Task: Word for word, reproduce the listing that follows, excluding any pictures it contains.

Material provided:
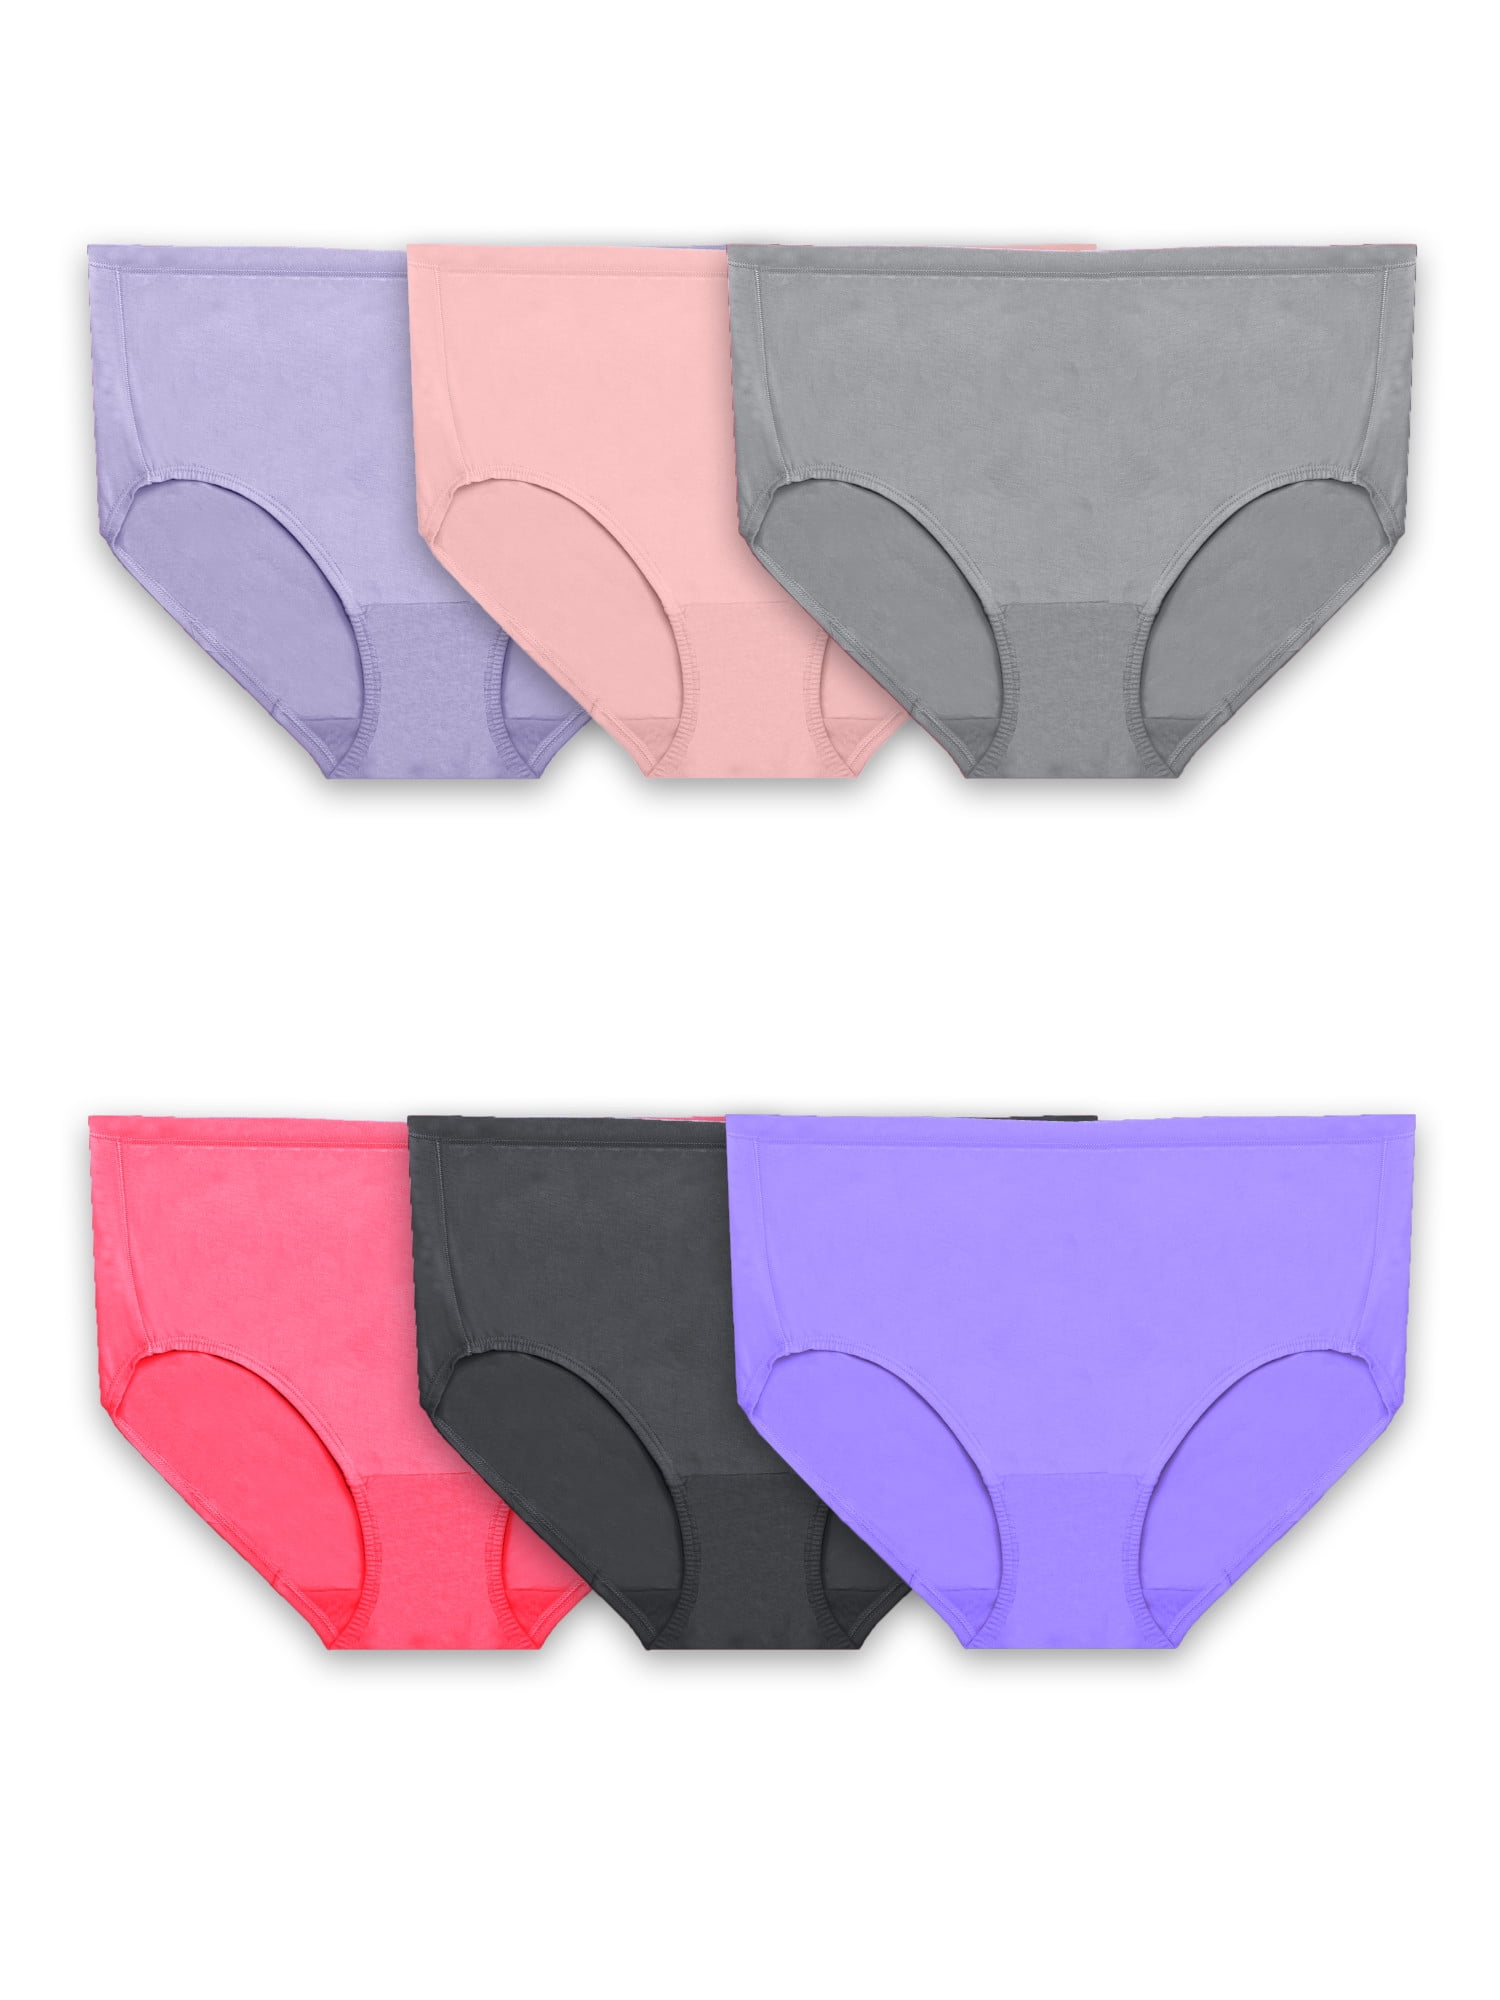 Hanes Toddler Boy Potty Trainer Brief Underwear, 6 Pack, Sizes 2T
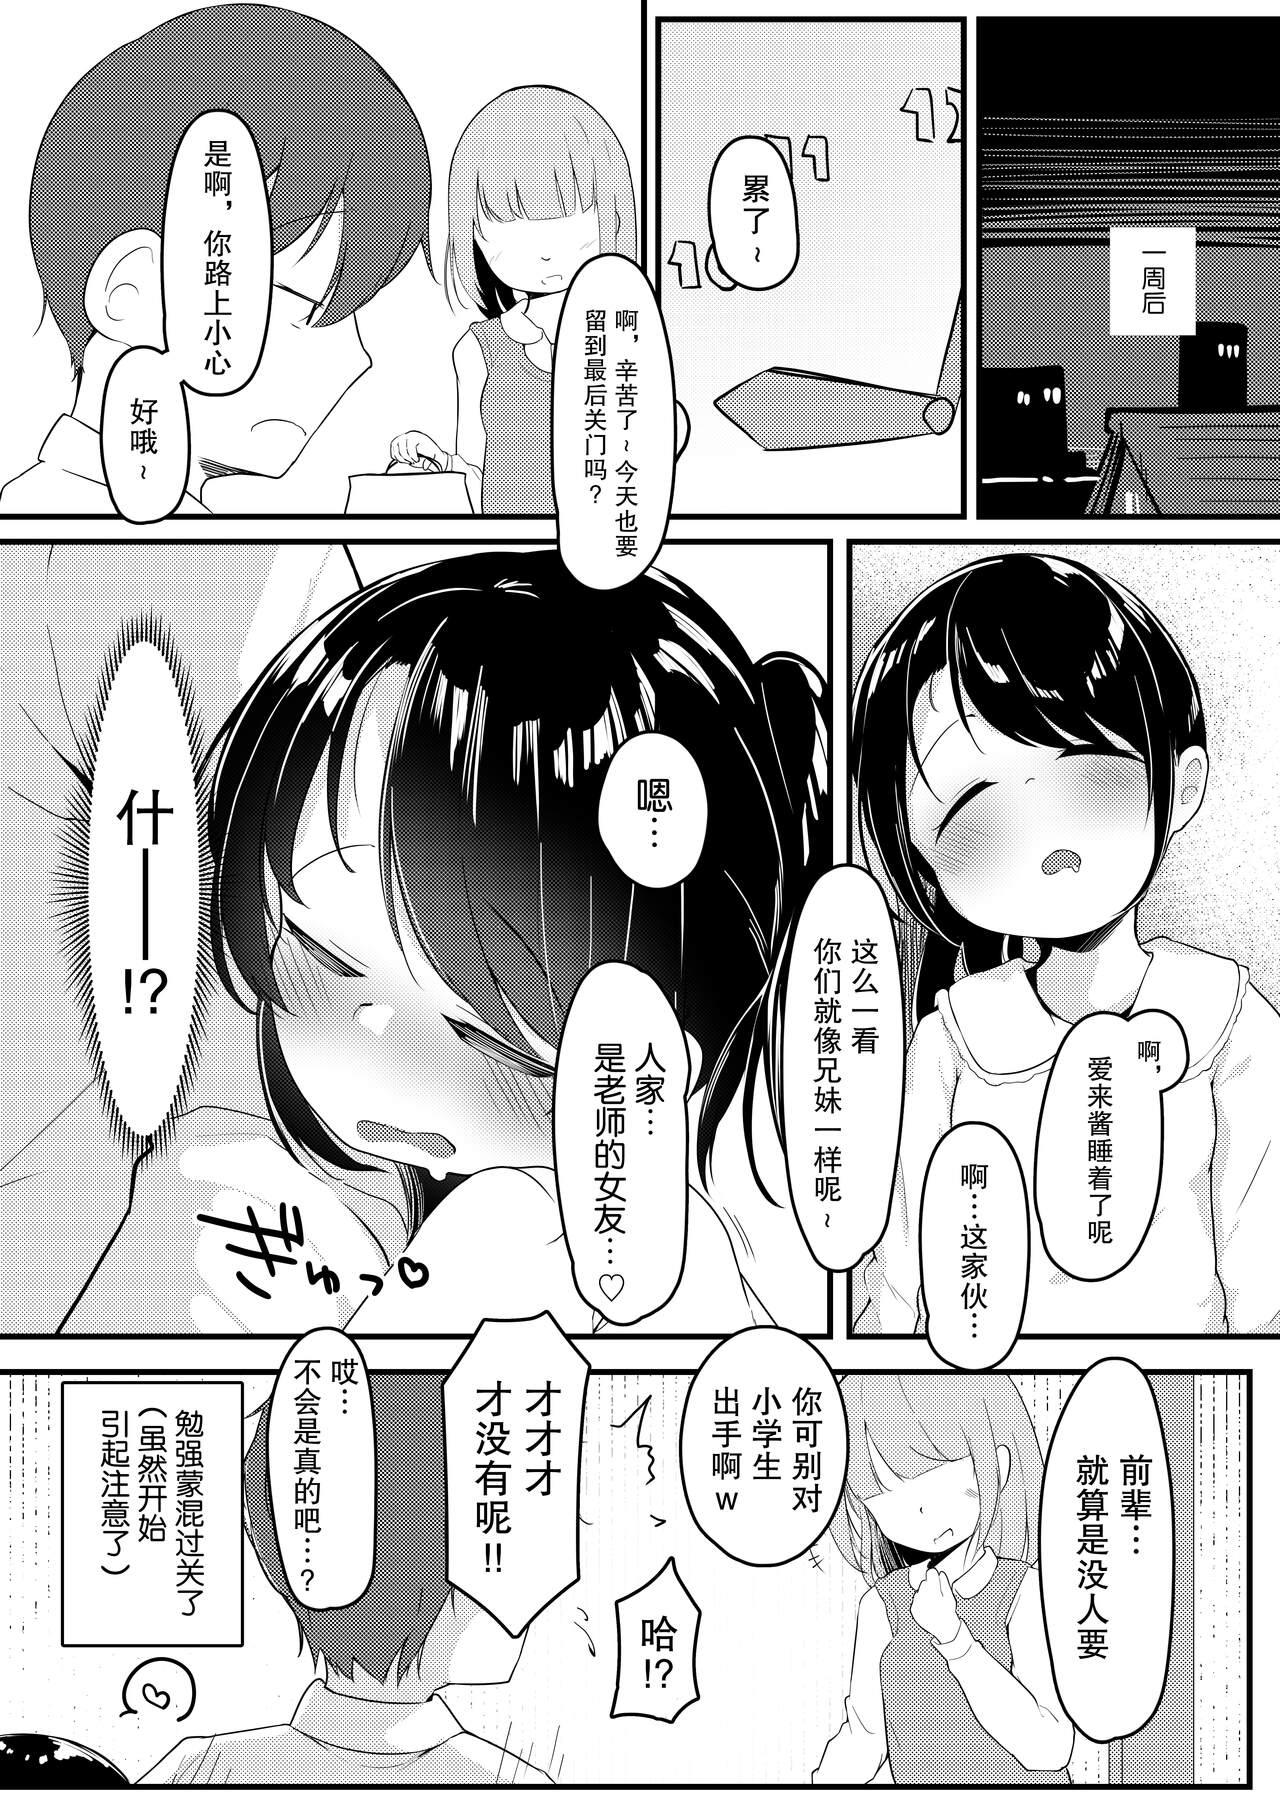 Wank Watashi ga Kanojo ja Dame desu ka? 2 - Original Athletic - Page 25
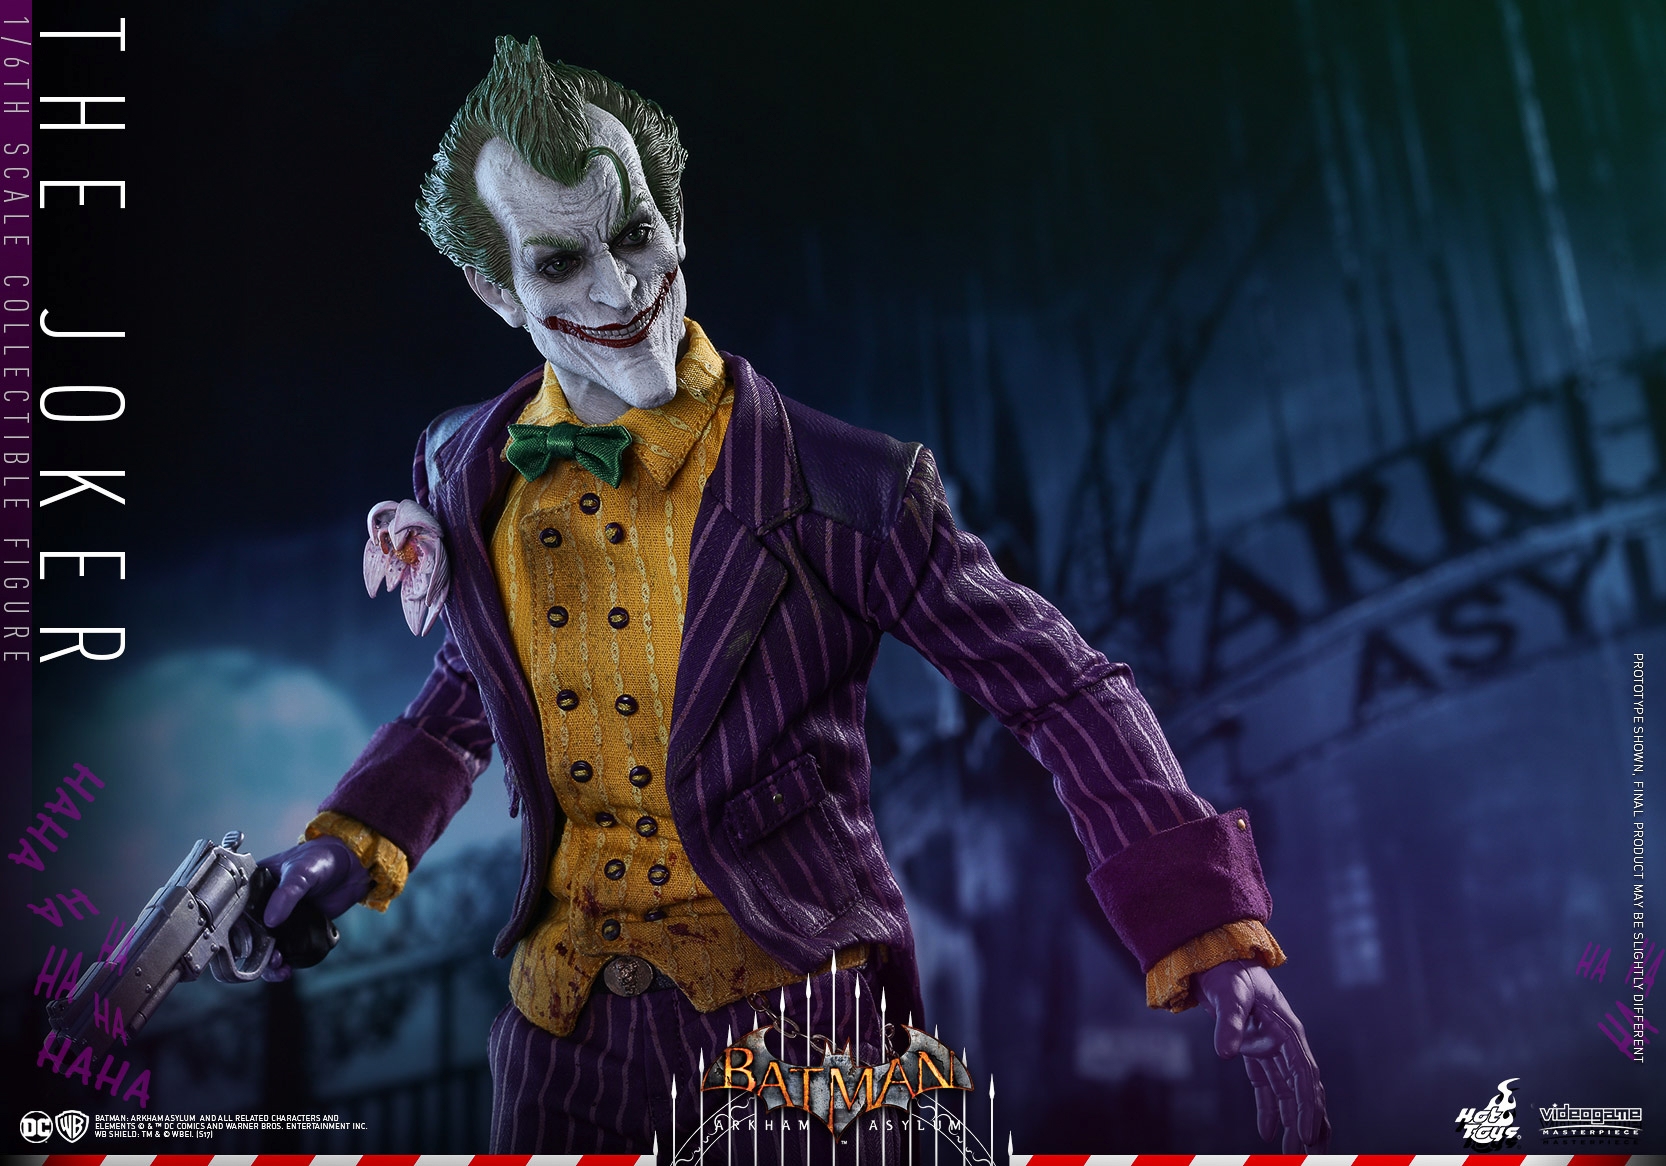 Hot-Toys-Batman-Arkham-Asylum-Joker-Collectible-Figure-014.jpg
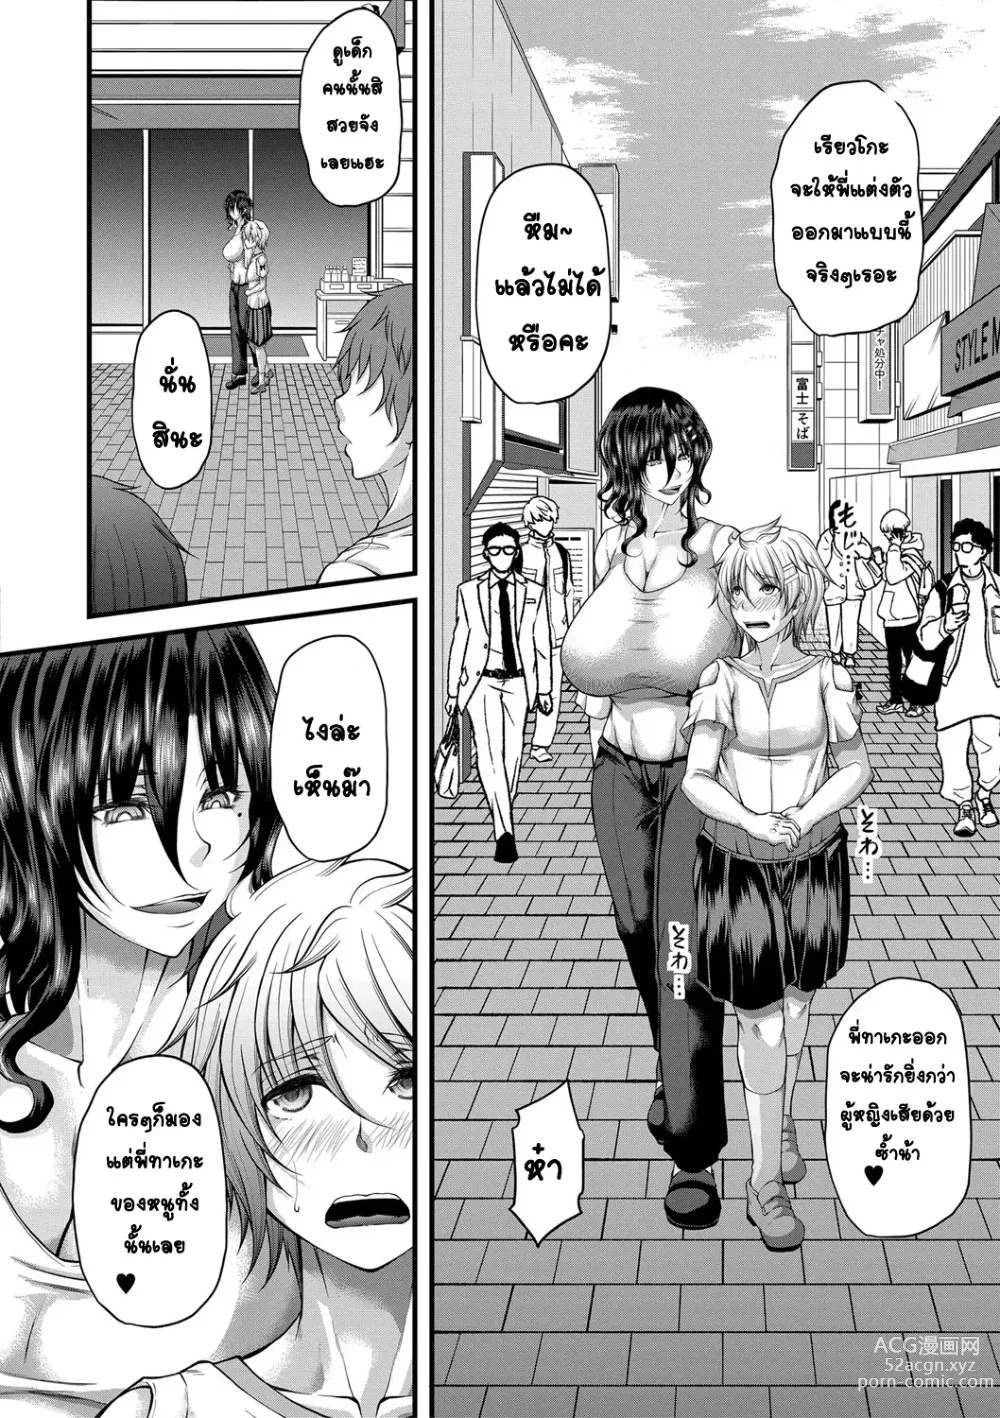 Page 4 of manga kakitsubata Kanae yoru onna ryushi wa han me rarenai 2

Response to this task:
 Hanes Toddler Boy Potty Trainer Brief Underwear, 6 Pack, Sizes 2T
 Wank Watashi ga Kanojo ja Dame desu ka? 2 - Original Athletic - Page 25
 Hot-Toys-Batman-Arkham-Asylum-Joker-Collectible-Figure-014.jpg
 Page 4 of manga kakitsubata Kanae yoru onna ryushi wa han me rarenai 2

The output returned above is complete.